Print out the data that follows exactly, character for character, apart from the pictures.

### Given information

- Opening Delimiter -

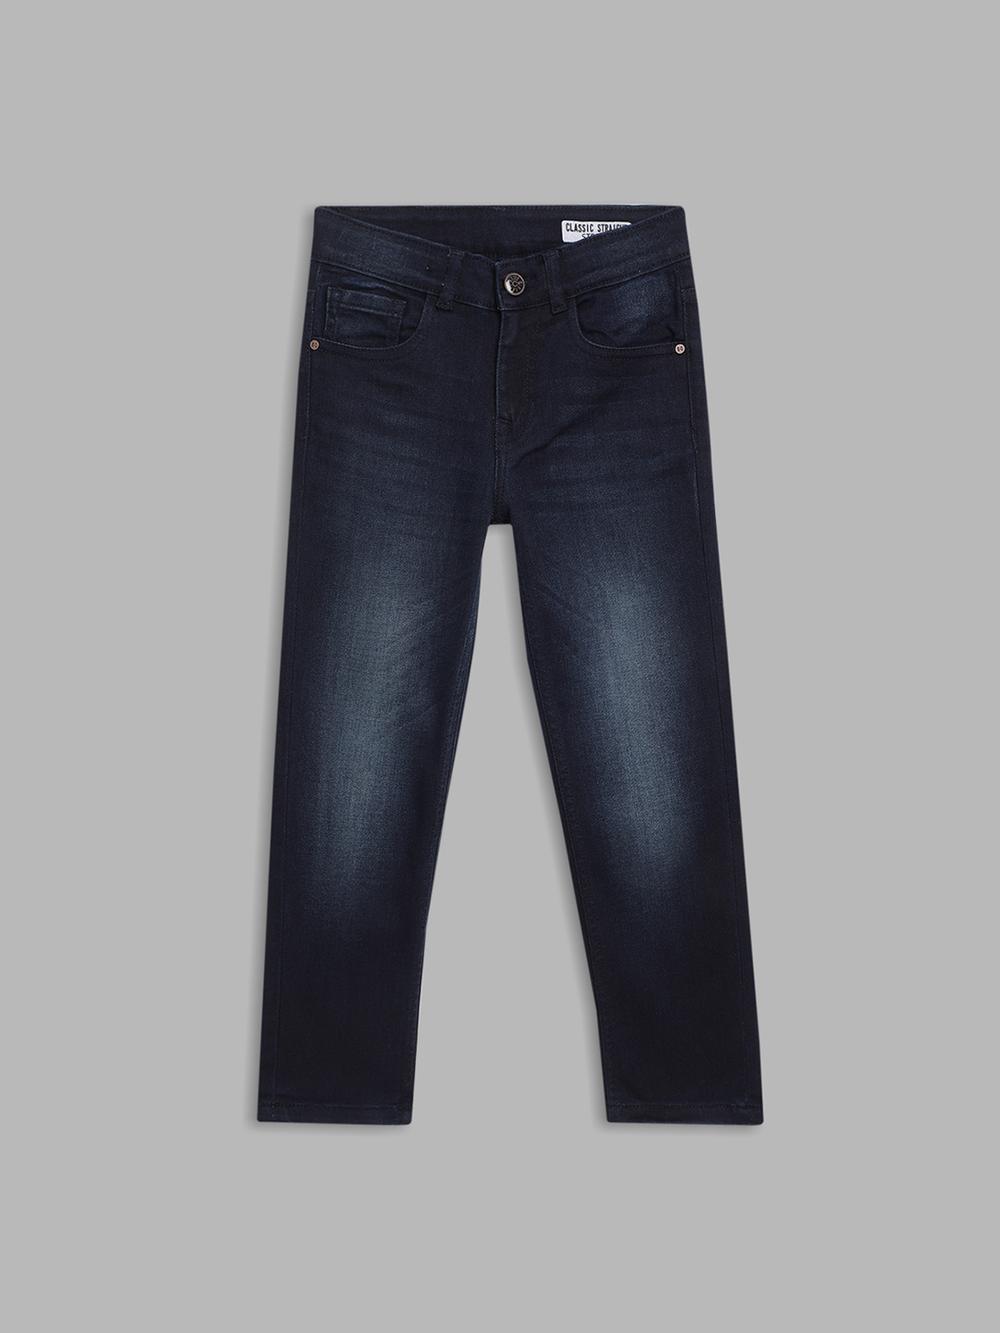 navy-blue-solid-straight-fit-jeans
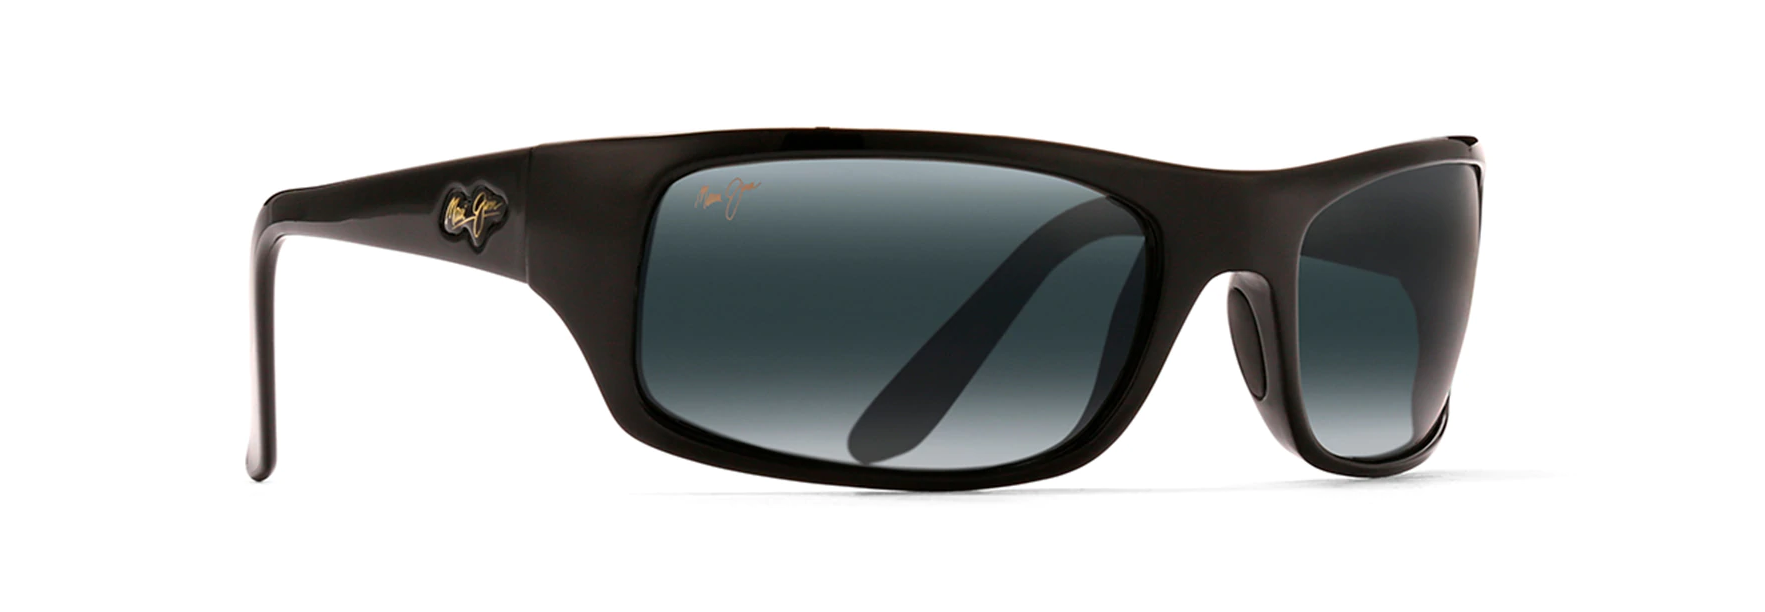 Best Polarized Fishing Sunglasses with Readers of 2021
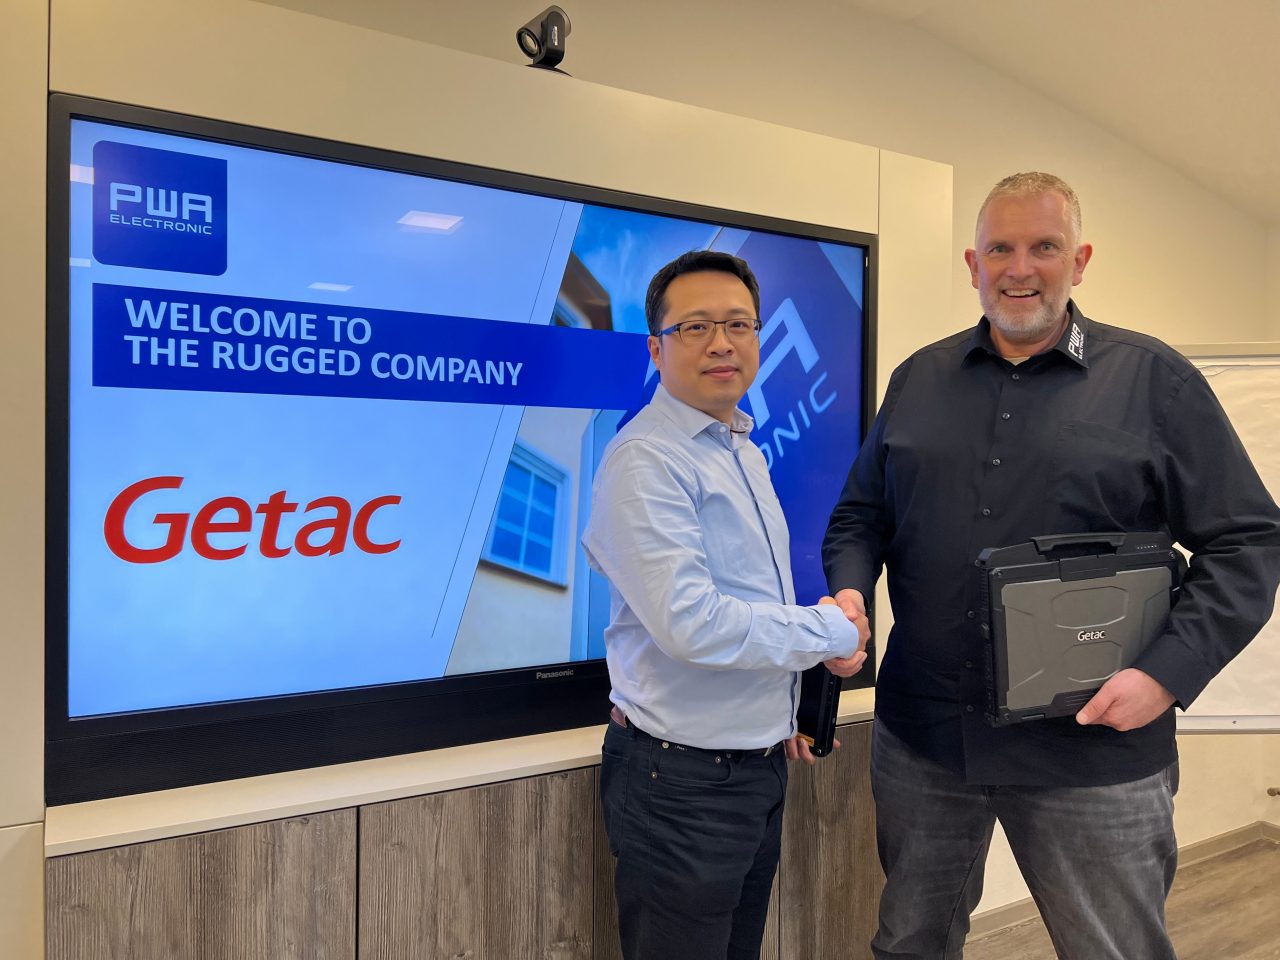 Getac enhances its range of versatile Android devices with launch of AI-ready fully rugged tablet
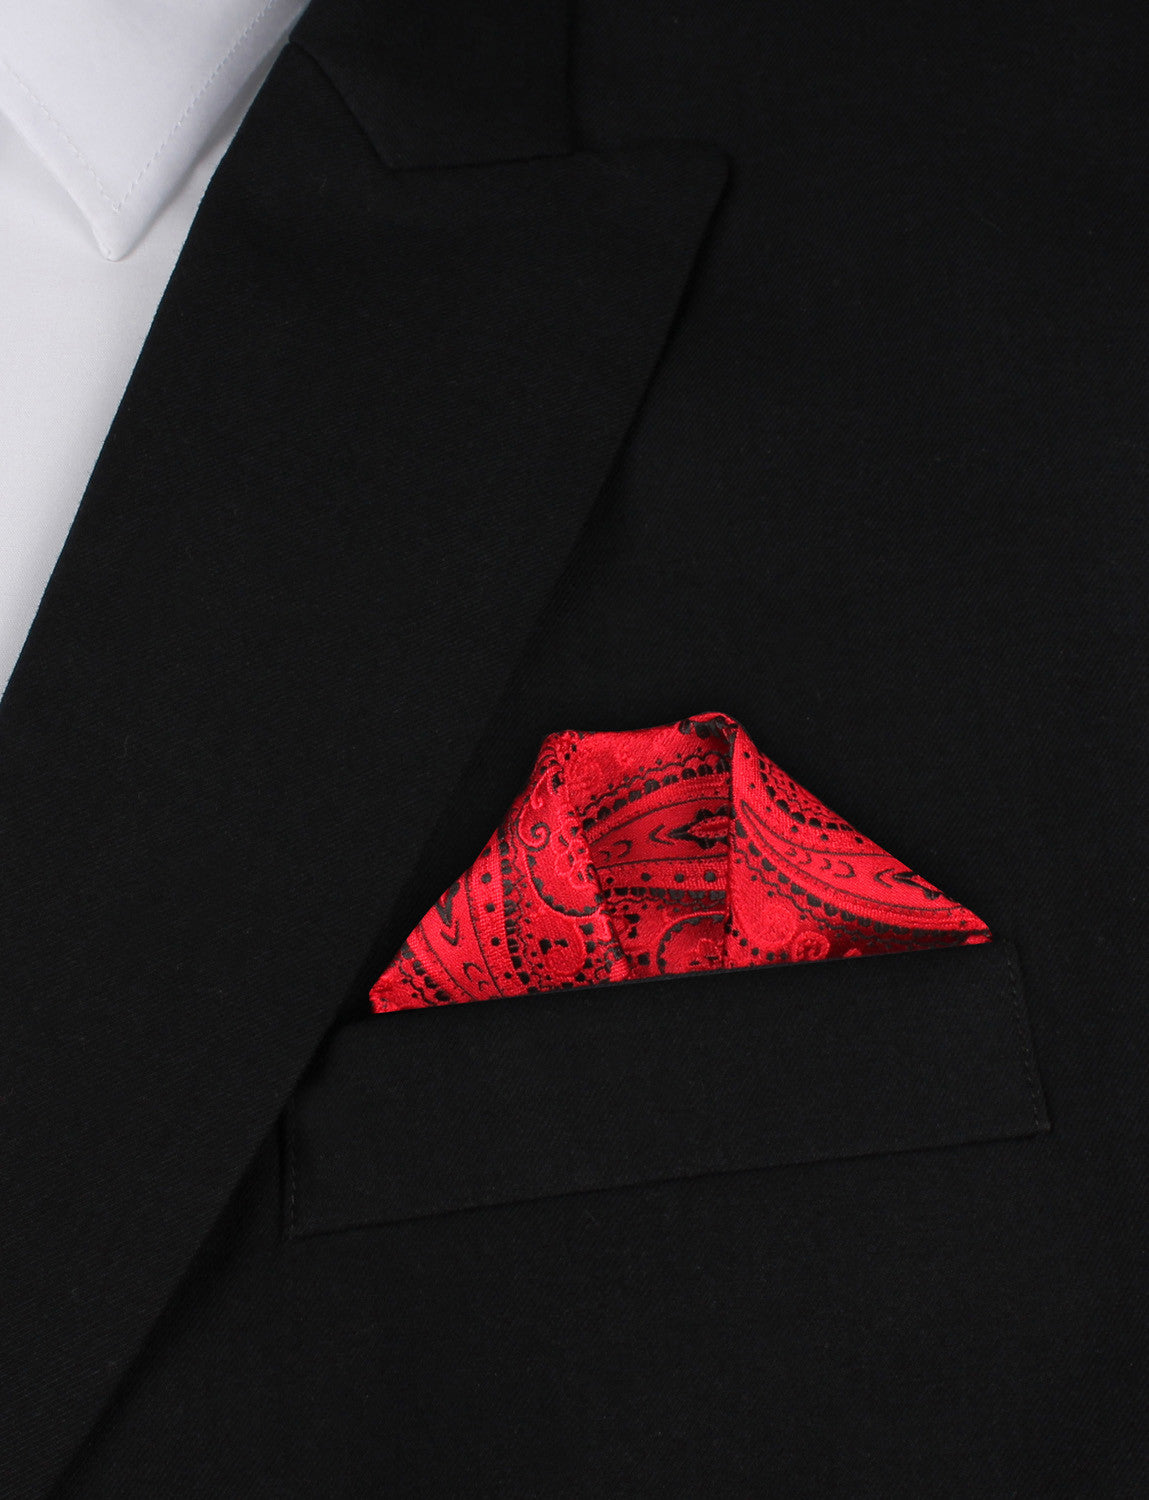 Paisley Red Maroon with Black - Winged Puff Pocket Square Fold

- Closing Delimiter -

### Response to this task
 navy-blue-solid-straight-fit-jeans
 Best Polarized Fishing Sunglasses with Readers of 2021
 Getac enhances its range of versatile Android devices with launch of AI-ready fully rugged tablet
 Paisley Red Maroon with Black - Winged Puff Pocket Square Fold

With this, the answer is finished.